A summation of admissibility in Africa
The twin decolonial practices of resistance (or “de-struction”) and liberation (or “con-struction”) characterize the overall methodological focus of this article.Footnote 118 The argumentative moves of critically reflecting on Africa's colonial inheritances and positively reconfiguring social institutions across the continent in advancing towards a path of liberation are germane to both African philosophy and decolonial scholarship.Footnote 119 The interrogation of the northbound-gazing features of African Evidence scholarship and the eight doctrinal fallacies discussed above are examples of the initial decolonial practice of resistance against or critical reflection on what Africa has inherited from the common law British colonial empire. I will now sum up the overall critique of Evidence scholarship in Africa as generally being northbound-gazing and will identify the potential bases for future law reform initiatives in this area.
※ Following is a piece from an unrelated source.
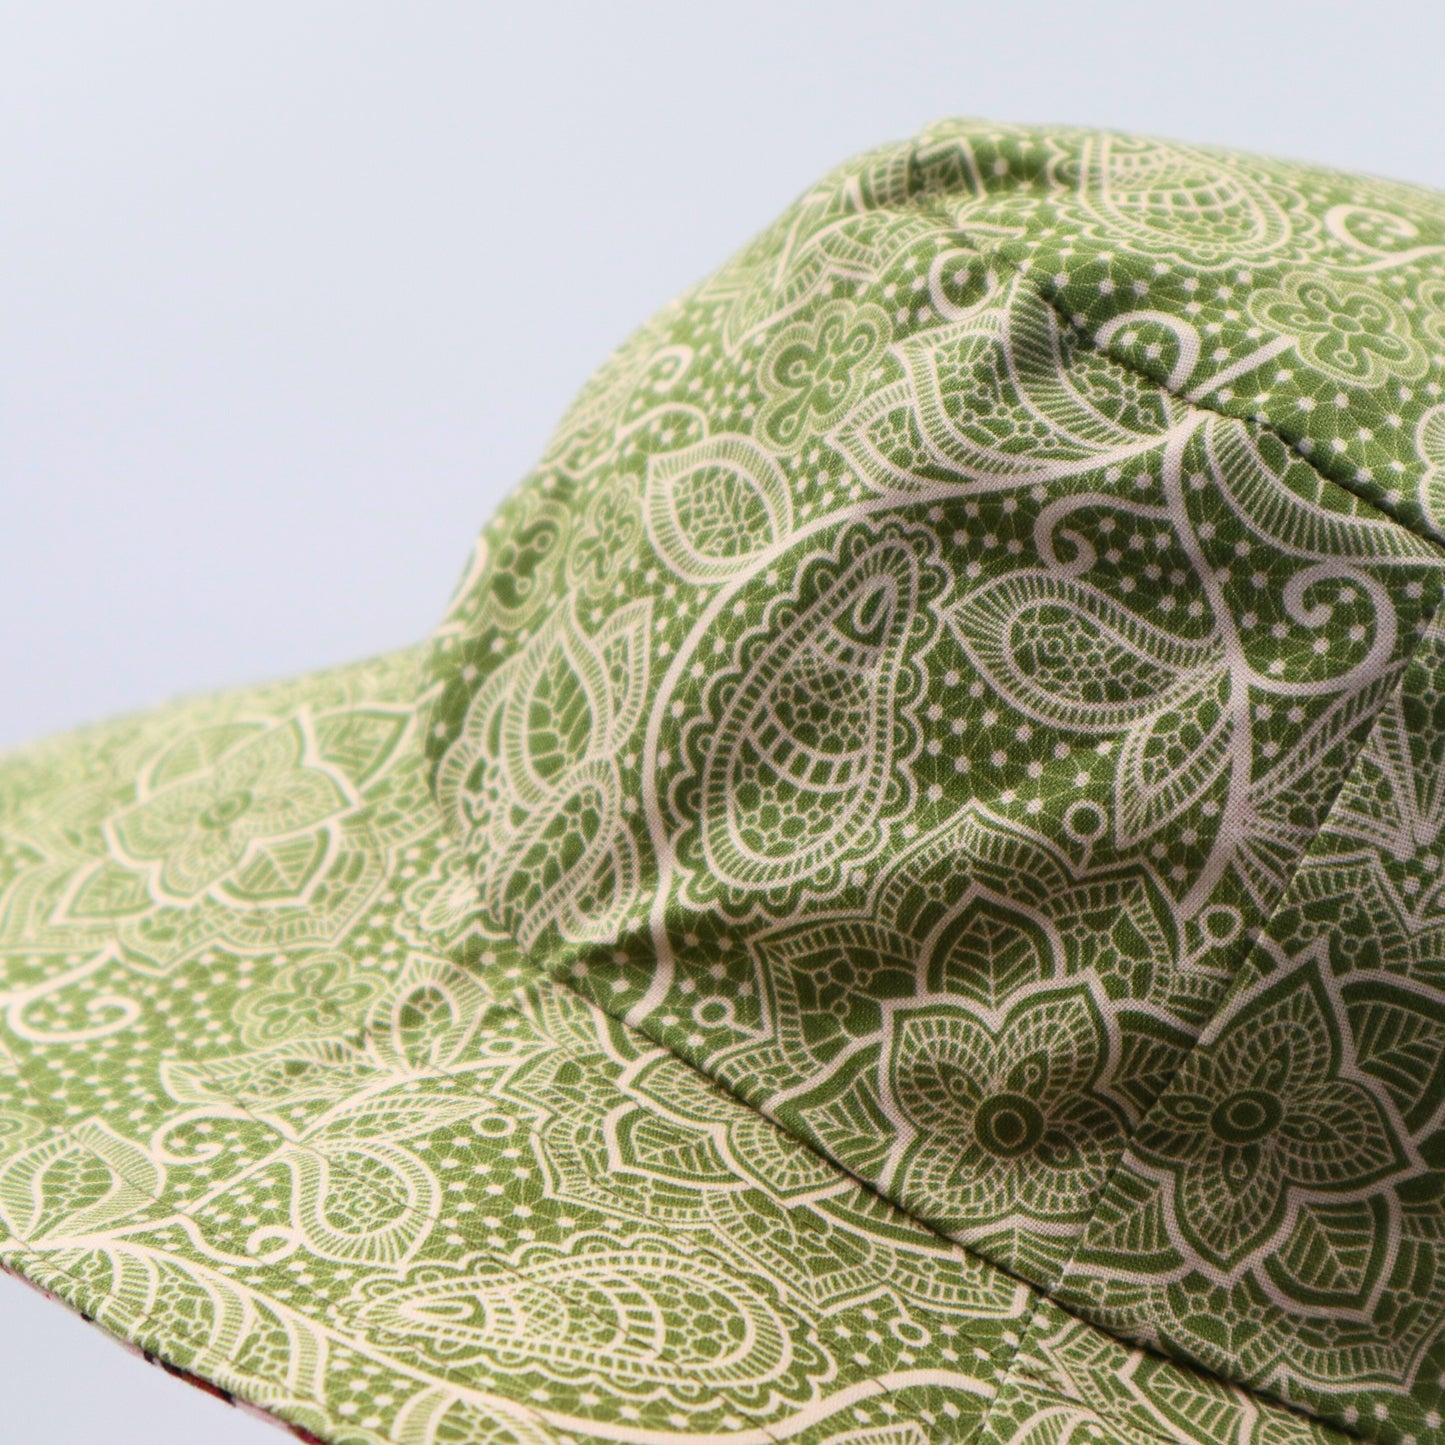 Reversible Sun Hat - Ladies & Girls sizes - green / pink floral

Firstly, the continued northbound gaze of African Evidence scholarship has the effect of ignoring what is probably the most complex legal complication that has confronted most African jurisdictions since the advent of colonial conquest. What is typically referred to as “the rules of Evidence”, including those pertaining to admissibility as discussed earlier, in fact only refers to what may be conceived of as “state” or “official” rules of Evidence that are separate from indigenous customary law. Pluralism of this sort has several institutional complications, including “conflicts of law”, but it is generally unproblematic in theory. However, a range of serious political legitimacy concerns arise when an overwhelming majority of the population of the continent litigates in traditional courts where the state rules of Evidence discussed earlier do not find application.Footnote 120 The deployment of colonially inherited rules of Evidence in unrepresentative forums in which the majority of the African population does not litigate bears the risk of the legitimacy of these institutional practices being impugned for as long as this type of political under-representation persists.Footnote 121
Secondly, the eight fallacies discussed earlier reveal doctrinal problems across the Mpho le Mphonyana variants of the admissibility rules on the continent. Therefore, there is sufficient room for reform and improvement for most jurisdictions across Nubian Africa. The solution proposed by Allen and his team in Tanzania combines the two formulations, negative (Mpho) and positive (Mphonyana): “All evidence relevant to a material proposition is admissible unless otherwise provided by this Act or by Law. Irrelevant evidence is not admissible.”Footnote 122 Quite apart from the fact that the Tanzanian law reformers were engaged in the perennial northbound gaze towards the Euro-American world in seeing legal solutions, there are at least three difficulties with this proposed solution. Firstly, the qualification to the first, positive (Mphonyana), formulation of the rule, namely “unless otherwise provided by this Act or by Law”, is far too vague to avoid the potential pitfalls discussed under the equivalence fallacy above, thereby risking being in breach of the anti-vagueness prohibition of the rule of law. Secondly, this vague qualification to the positive formulation does not distinguish between the exclusionary rules and other auxiliary prejudicial factors that can outweigh the relevance of evidence. Thirdly, although as currently framed, Allen may avoid the disjunction fallacy discussed earlier, the risk of fact-finders confusing “relevance” and “materiality” still remains, in my view. For example, it is not clear whether Allen would consider evidence adduced to establish facta probanda as well as facts relevant to the facta probanda as being material. It is also not clear from his drafting notes what meaning he has given to relevance or materiality.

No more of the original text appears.